Hey, I have PTSD too. Your story sounds similar to mine.
My stepson does have regular therapeutic visits or digital therapy sessions, he gets about 5 hours a week. But he's borderline psychotic since the beginning of this year, and while that is acknowledged by his doctors they find him 'too complex' to place him in a normal mental health facility. So he is on a waiting list for very specialist care, but it's been pushed forward for over 9 months now because of the corona crisis. This while he is visibly detoriating, and agressive to us. They basically leave us hanging to provide 24/7 care on top of our regular lives and the corona crisis. It's incredibly challenging.
I do practice self-care, I've been through worse than this because I grew up like you. But I hate seeing my husband at the end of his rope, and worry about him getting a burnout because I have health conditions that make us rely on his income only. So a solution now really has to come fast, his employer has given him a deadline of 1 january to fix the problem..
As for your spoiler: I am sorry to hear that, caregiver burnout is a real problem. I am also too young, only 33 but unfortunatly life sometimes deals a rough set of cards for some of us. I am really glad you have proper health, it's a great thing to move forward. I've had competent care for over 10 years, that's brought me in the stable and relatively good position I am in now. I hope you will have a good 2021.
Windigo, I am still loopy from my procedure today so forgive me if this makes no sense. LOL
I am so sorry you are going through all this. I know it's not easy even without a pandemic.
I really have a problem with some mental health professionals and how they treat people with problems. I have met a few who were quite abusive that compounded my PTSD. In fairness, I struggle with that whole field of study because my mother was a psychologist and she was my primary abuser. It takes a long time for me to feel "safe" with any new therapist and I don't trust any of them. The balance of power is too one-sided and too many of them misuse that.
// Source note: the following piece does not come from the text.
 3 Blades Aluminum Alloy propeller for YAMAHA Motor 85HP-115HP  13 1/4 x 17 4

I'm glad you are practicing self-care. It is so important and I completely understand hurting because your husband is hurting. I was always supportive of my husband no matter what he was dealing with at any given time. I am sure your love and support are very much appreciated.
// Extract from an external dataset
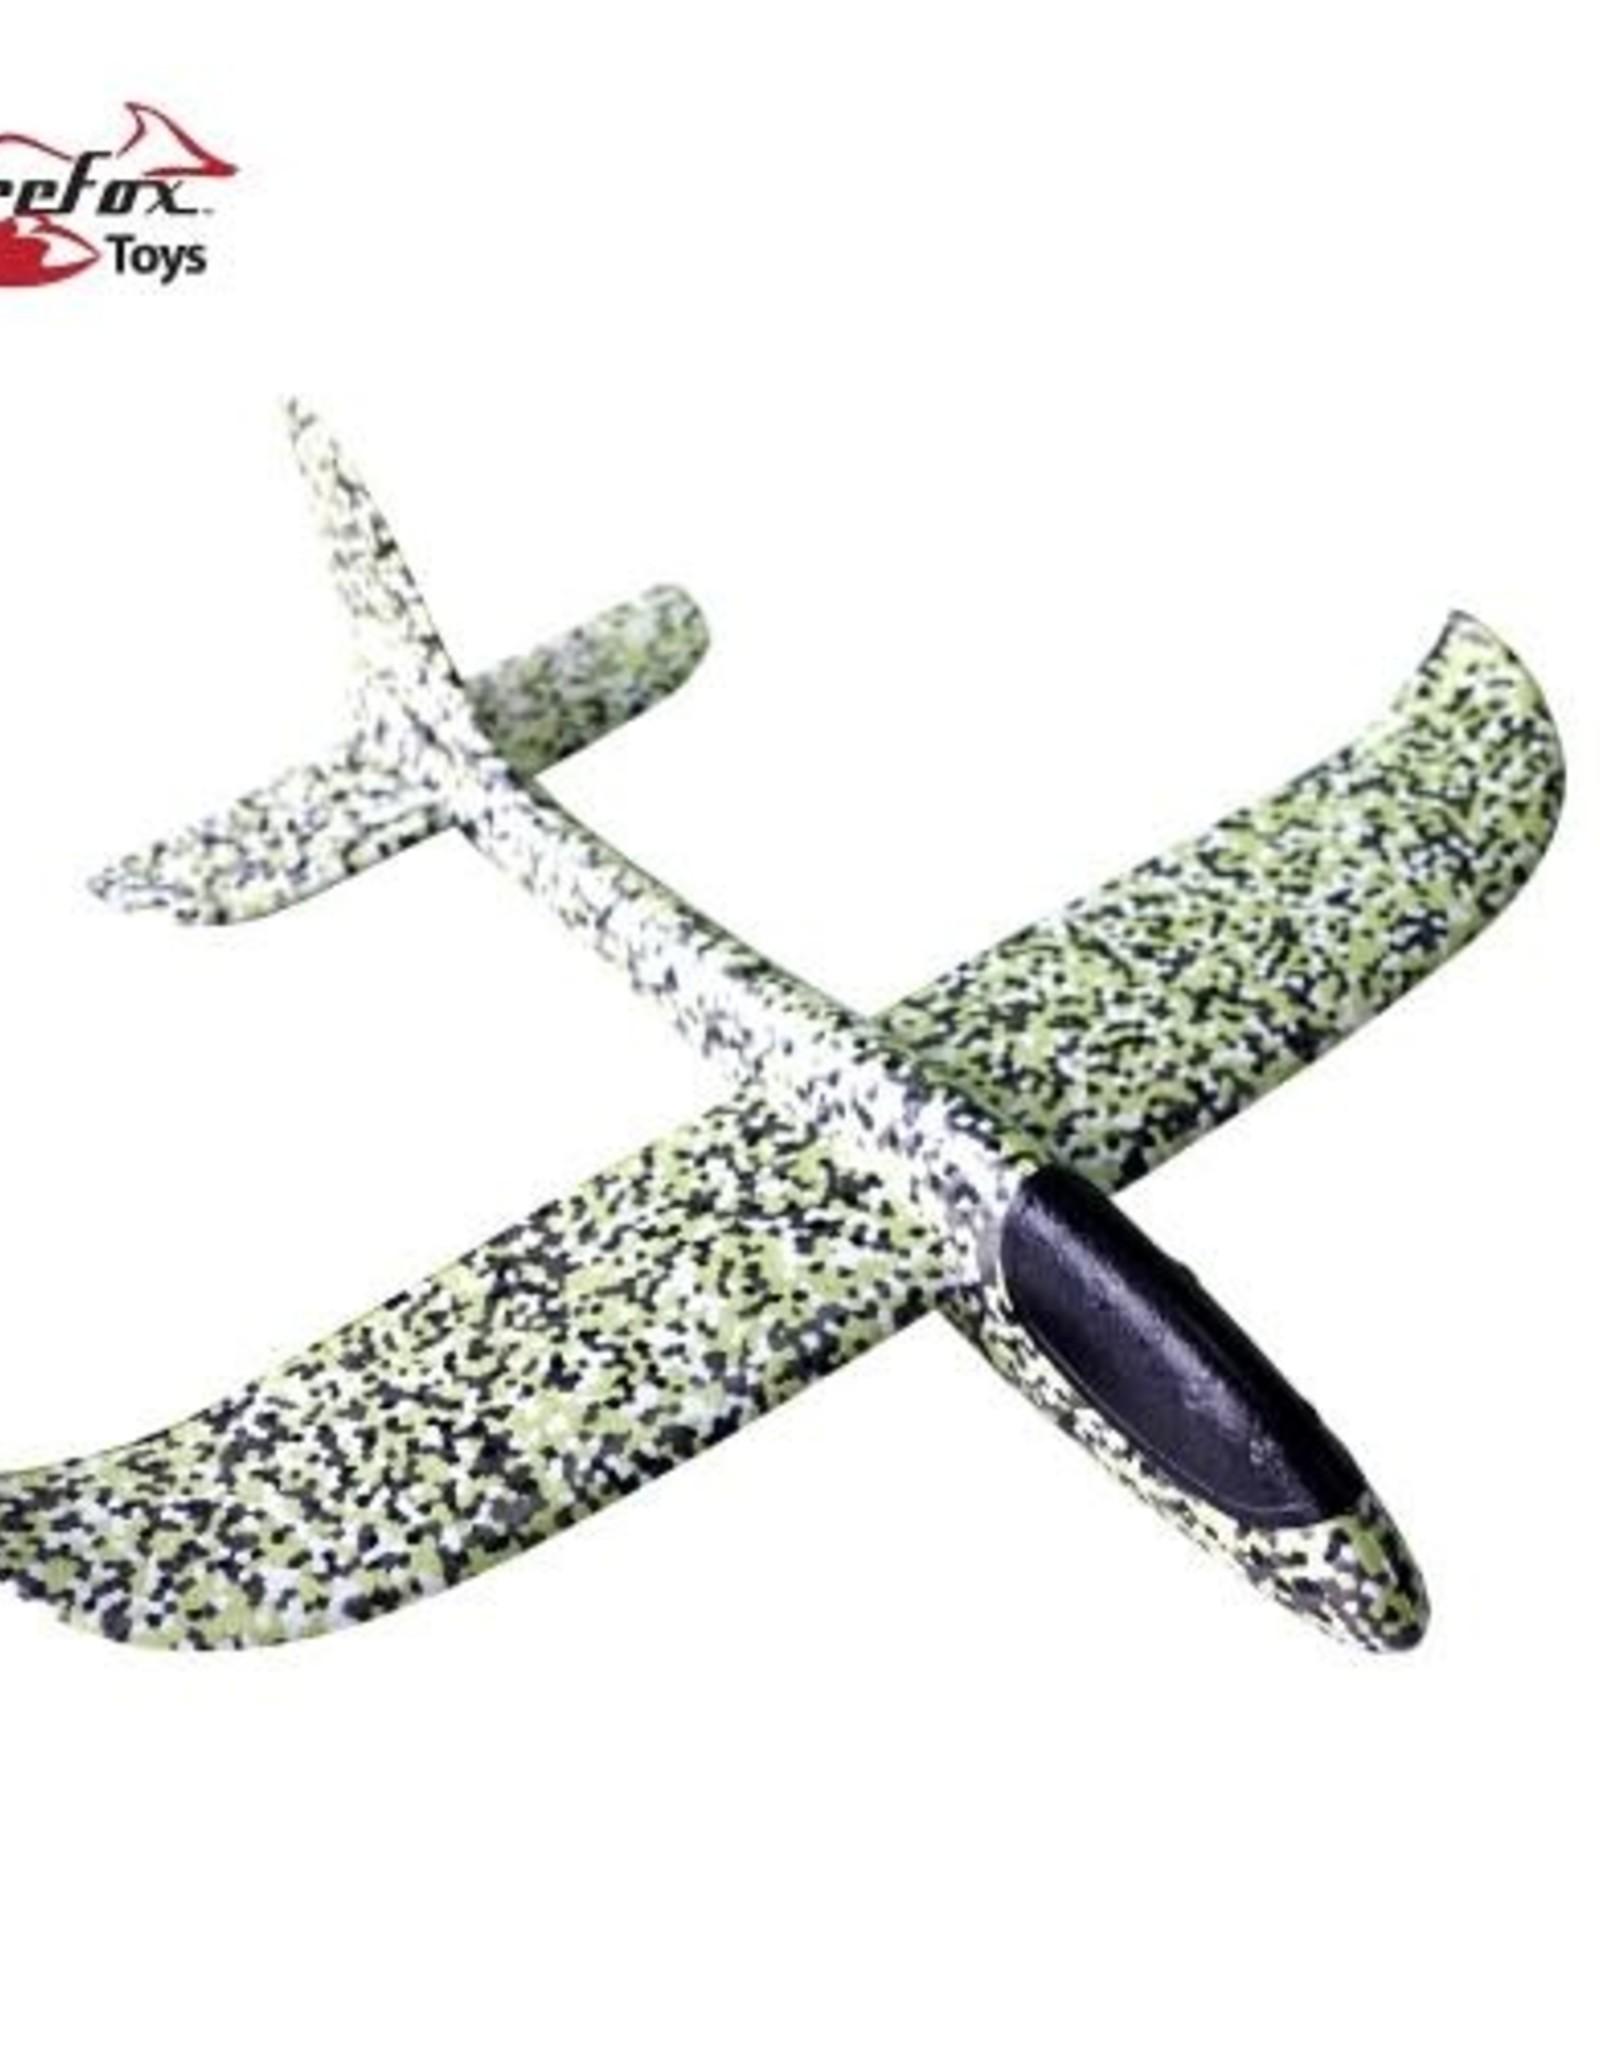 FireFox Toys Trixter Glider

I am a bit unclear on the his employer. Are you saying that his boss is telling him to resolve the problems with his stepson by the end of the year? Wow. I'm sorry if that's the case. It's not really surprising though. Companies are not as supportive and appreciative of their staff the way they were a generation or two ago. How is the job market in your area? Sounds like he should get some irons in the fire now just in case.
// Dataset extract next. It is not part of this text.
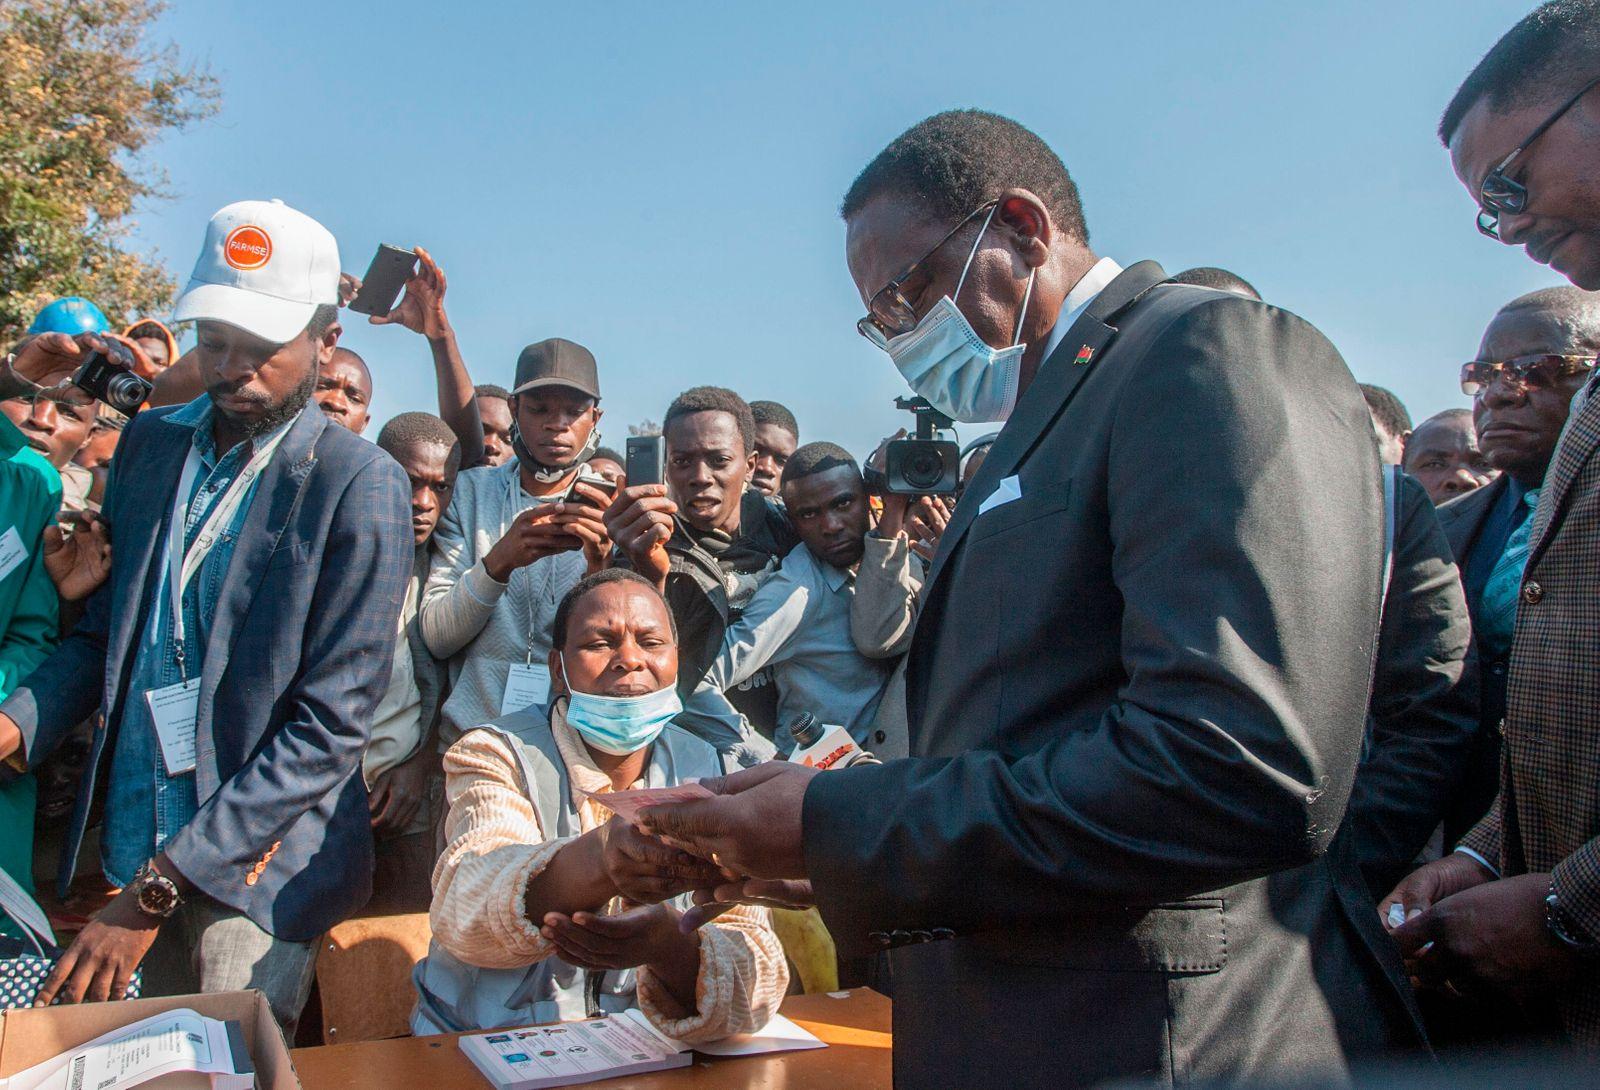 MALAWI-POLITICS-VOTE

Thanks for your kind words. I am learning to take things day-by-day and relax more. Even now, I cannot fall asleep unless I take medications and I still have awful nightmares. However, I am getting stronger and am learning how to keep boundaries with people that mean me no good. Sadly, most of them are family members but I'm doing really well and not feeling guilty because I won't get pulled back into it. The last encounter almost killed me (literally). I'm not going back ever. This is a HUGE step for me as I have a forgiving heart and patience. But, enough is enough, I have two children that will someday come back to me and they deserve a strong, healthy mom.
I hope for you all the best and hope next year will bring us both good things. ;-0
P.S. Forgive me if I ever repeat myself. I got a concussion in one of the beatings a couple years ago so my memory is sometimes spotty. I don't forget whole conversations but I might miss something that's already been answered. I apologize in advance.